Exploding Appendix is an art project, which, through a myriad of mediums, seeks to critically renew all life for the purpose of our cultural revolution. Ours is an experimental endeavour that fuses artistic play and intellectual investigation. Through our online publication, our projects and public meetings we seek to integrate the teachings of the historical avant-garde. We seek to unite the spirit of Prolokultist laboratories with Dadaist cabarets in order to ignite a thoroughgoing assault on cultural stultification. Yet despite our love of these visionaries, we hold no fetish for the history of avant-garde art. Rather, we seek to draw upon it, practically and intellectually applying its insights with a critical and historical dynamism that responds to the demands of our current epoch.
Our task is both critical and syncretic. Deep within us, in the gurgling depths of our bellies, stirs an almost catechistic cry: “No tradition is sacred, All traditions will be ours.” As syncretists and dialecticians have taught us, it takes all sorts to make a world. The path to be travelled twists and detours in multiple complementing and conflicting directions. It is this insight that grounds our theoretical task. Those ideas, especially those ideas we deeply admire, must be subject to a thoroughgoing scrutiny, not because we wish them to vanish from the earth like vapour into the atmosphere, but because we wish them to succeed. Likewise, we turn to those ideas we vehemently oppose, not because we wish them to cement themselves as concrete fixtures, but because we wish to both scavenge their insights and surmount our opposition.
To fulfil our objectives we seek to incubate ten research units committed to the deepening of the Exploding Appendix mission. Through these individual research units we seek, not elitist know-it-alls, but an open and participatory laboratory, where, through mutual experimentation, we together surmount the task of envisaging and inventing the future.

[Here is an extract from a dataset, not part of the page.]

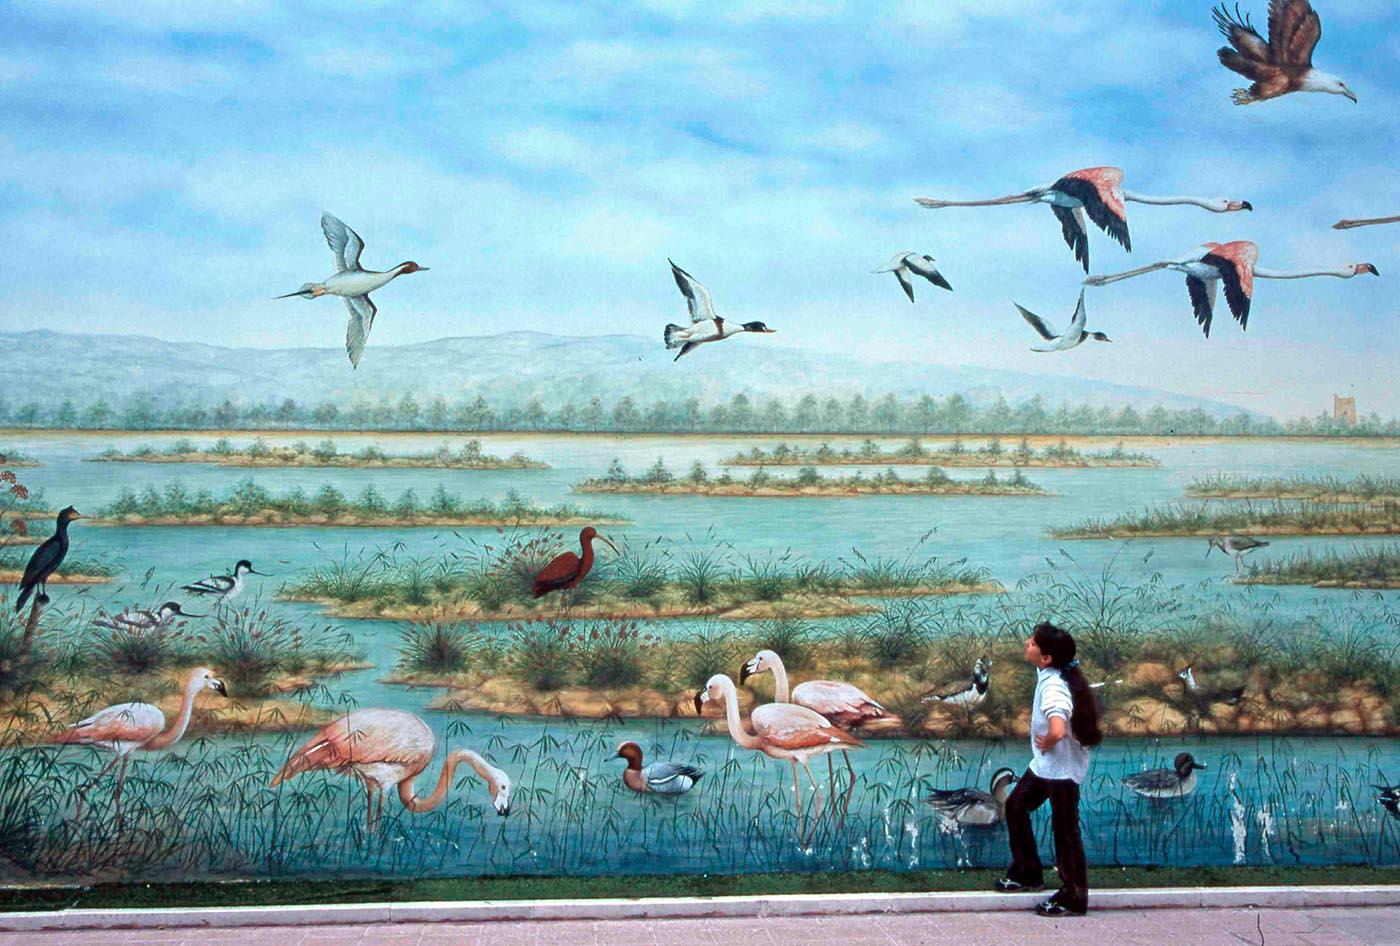 Regione Puglia apre le strade <br />all'arte: 4 milioni di euro varati <br />per interventi di Street Art

Exploding Appendix takes its cue from the avant-gardist and counter-cultural experimentations in art in the nineteenth and twentieth century. We encourage an experimentalism in the form, content, construction, distribution and reception of all artforms. We take inspiration from the artistic practices and the experiments in living that enabled artists and innovators to respond to the vital needs of their time, and invent the future. We attempt to do the same. Not out of some fetish for any bygone movement, an elitist egoism, or vapid hipster posturing.  We are aware that these movements have been easily co-opted, repackaged, and drained of their subversive potential. Rather we seek to renew the spirit of avant-gardism through a critical and rigorous dialogue that renews these concerns and preoccupations to respond to OUR needs and OUR time.
Nor do we confine ourselves to the history of art designated as ‘Avant-garde’. On the contrary, wherever there has been power there has been subversives, radicals and innovators that might corrupt that power. It is in light of this insight that we approach the topic of avant-gardism, not as a particular historical period, but as an impulse that manifests in multiple forms and expands across space and time. We seek to mine the history of art—all art—in the service of our cause: Creativity eternal!

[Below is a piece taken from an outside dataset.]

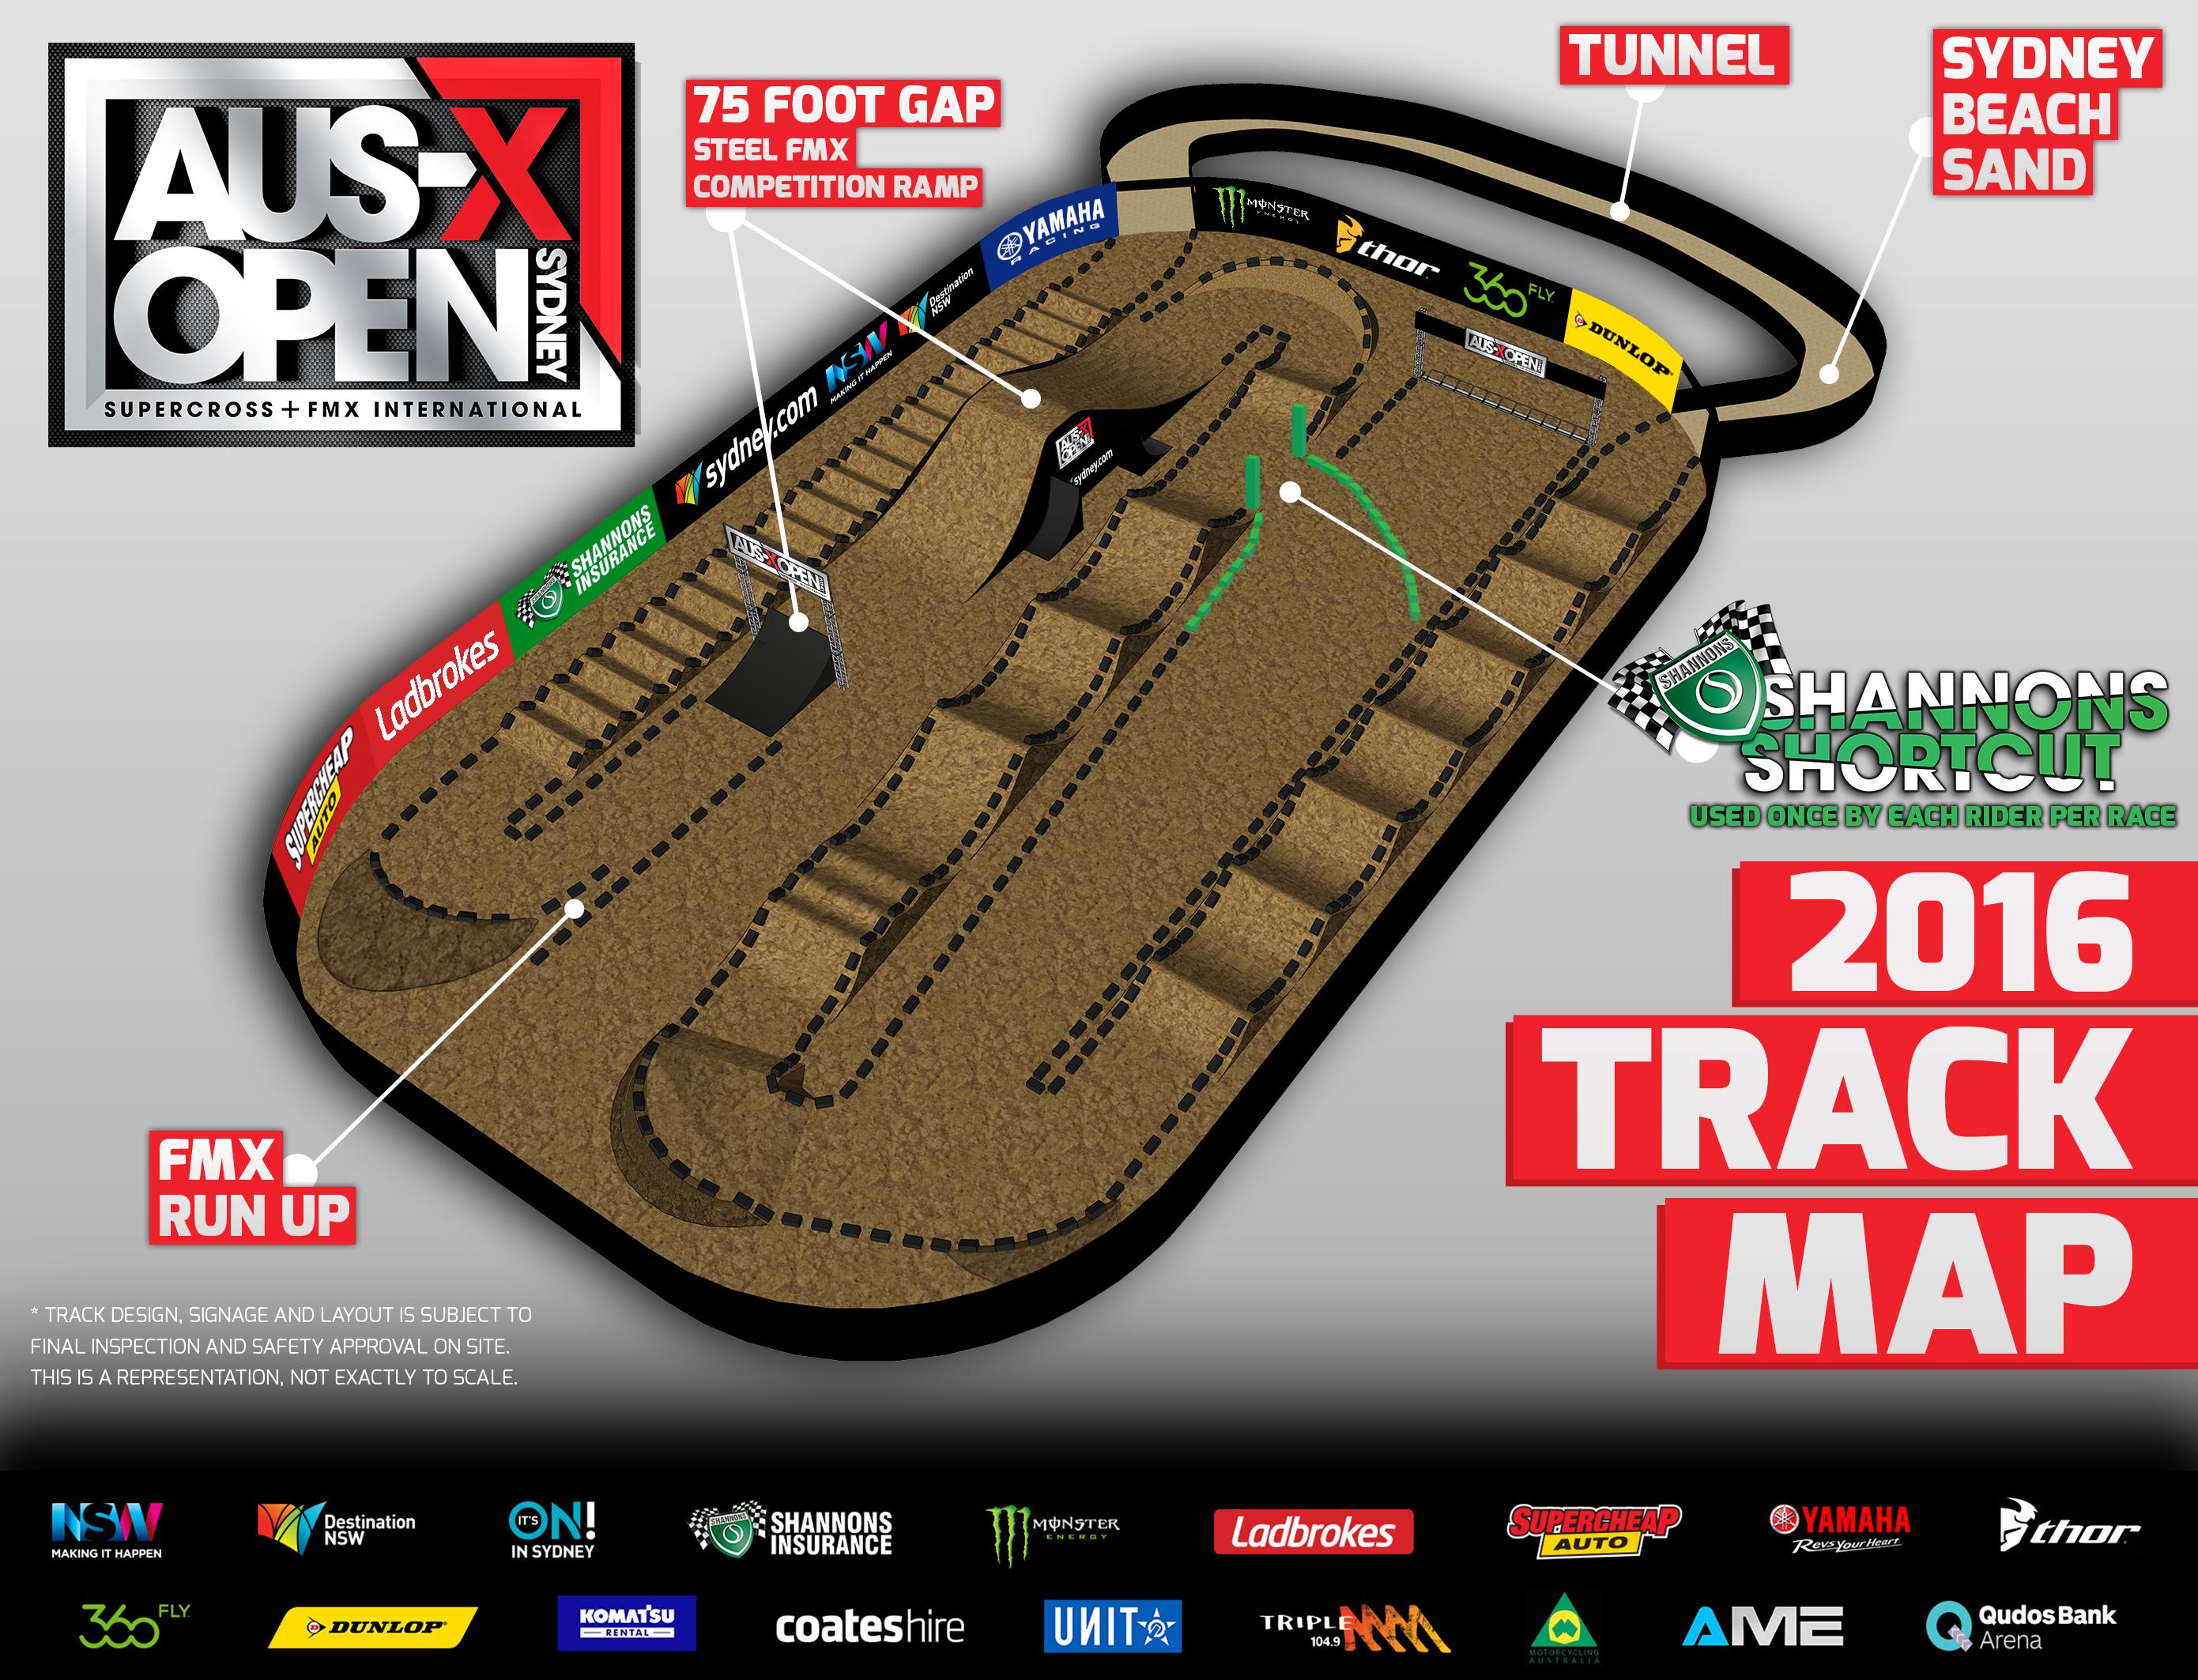 track m,ap

Despite our somewhat Dadaist sensibilities, we, nonetheless, seek the most radical and thoroughgoing rationalism. Ours is a détournement of all previously existing enlightenments in the service of a radical philosophical and scientific vanguard adept to envisioning the future. In this respect, we refuse to confine our ‘avant-gardism’ to a mere study of the arts. We seek what is subversive and radical in science, philosophy, technology and every aspect of society. We even turn to those classic figures, who now appear neutralised and safe. The once corrupting Socrates enthroned as unquestioning gate-keeper of knowledge. The heretical Galileo released from house arrest assured that he is no longer a threat. The radical Spinoza co-opted to the cause of a merely conservative liberalism. We seek to renew their subversive vitality.
Herein lies the spiritual foundations of our rationalism, not rationalism contained and restricted in the form of detached academism, elitist parliamentarianism or arrogant Eurocentrism, but the vital life of reason. We understand the fundemental need to defend abstract principles of freedom of speech and freedom of assembly, but ours is not a mere equality before the law. Ours is a call for radical democracy—a radical re-envisioning of all institutions. The popular use of reason grounds our rationalism. Ours is the symposium—the drinking together. Ours is the rationalism of the pub, the tavern, the salon, the streets, the workers council, the anti-colonial struggle, the revolution!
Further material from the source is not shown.